A elevação desproporcional nos valores dos combustíveis, praticada pelas distribuidoras – com registros de gasolina a R$ 9 o litro em postos de São Paulo –, não é atribuída unicamente à volatilidade do mercado global, segundo análises de especialistas e associações do setor petrolífero.

A venda da BR Distribuidora, na visão de analistas consultados pela Agência Brasil, suprimiu a capacidade de controle estratégico do Estado sobre o fluxo de suprimentos, expondo o mercado a aumentos excessivos que desconsideram os preços de origem nas refinarias. A desverticalização, que antes ligava "do poço ao posto", privou o Brasil de um instrumento institucional crucial para conter a especulação em períodos de instabilidade.

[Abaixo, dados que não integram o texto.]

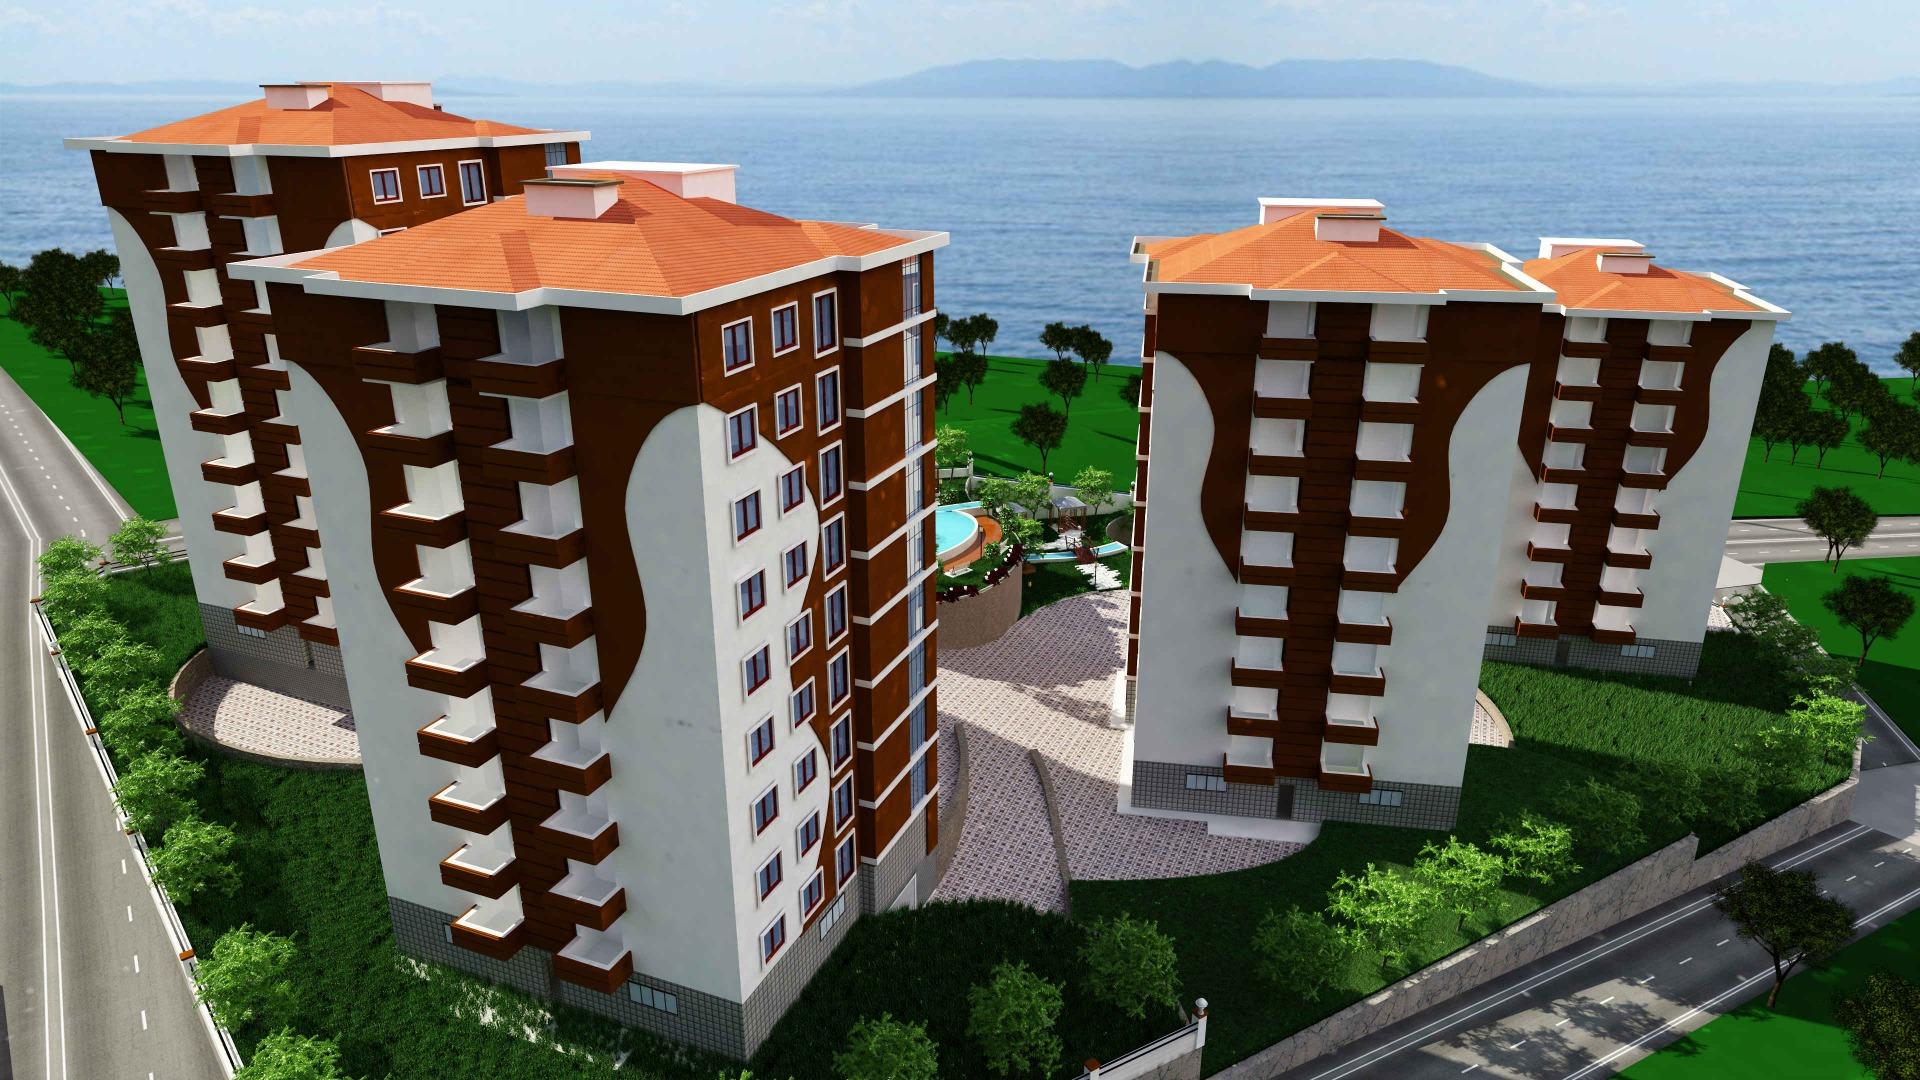 Çukurçayır (Trabzon 1461 Dört Mevsim)
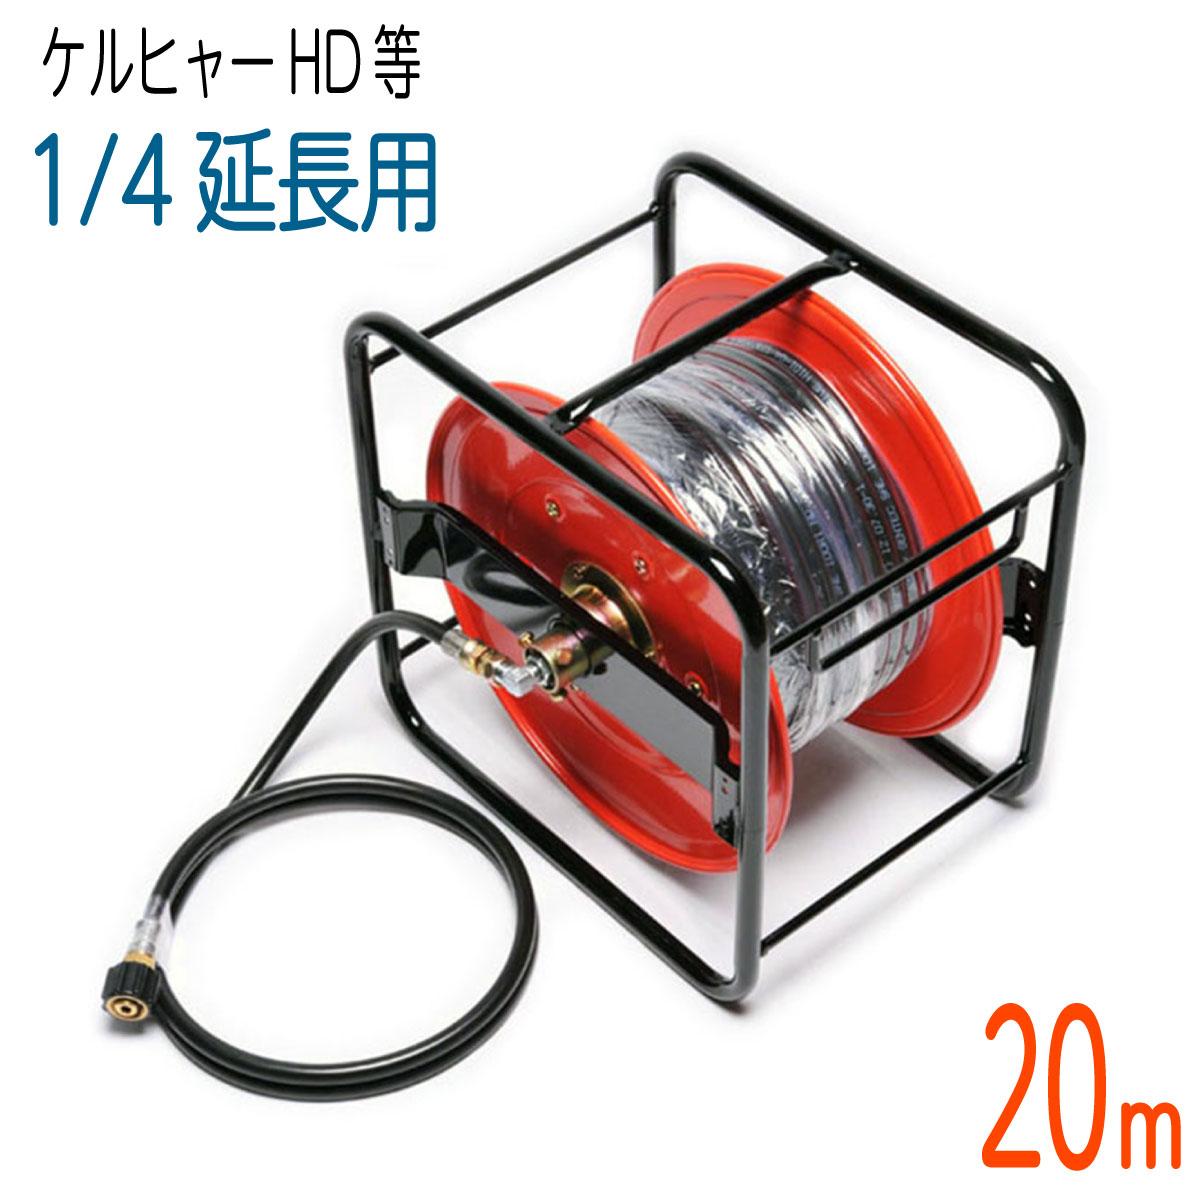 【20Mリール巻き】旧式 ケルヒャーHD用 延長高圧洗浄機ホース コンパクトホース

A diretora técnica do Instituto de Estudos Estratégicos de Petróleo, Gás Natural e Biocombustíveis (Ineep), Ticiana Alvares, foi quem primeiro chamou atenção para a comercialização de gasolina a R$ 9, mesmo sem elevações correspondentes nas refinarias. Conforme comunicado da Federação Única dos Petroleiros (FUP), postos paulistas estão aplicando reajustes desproporcionais, sem que a Petrobras tenha aumentado seus preços.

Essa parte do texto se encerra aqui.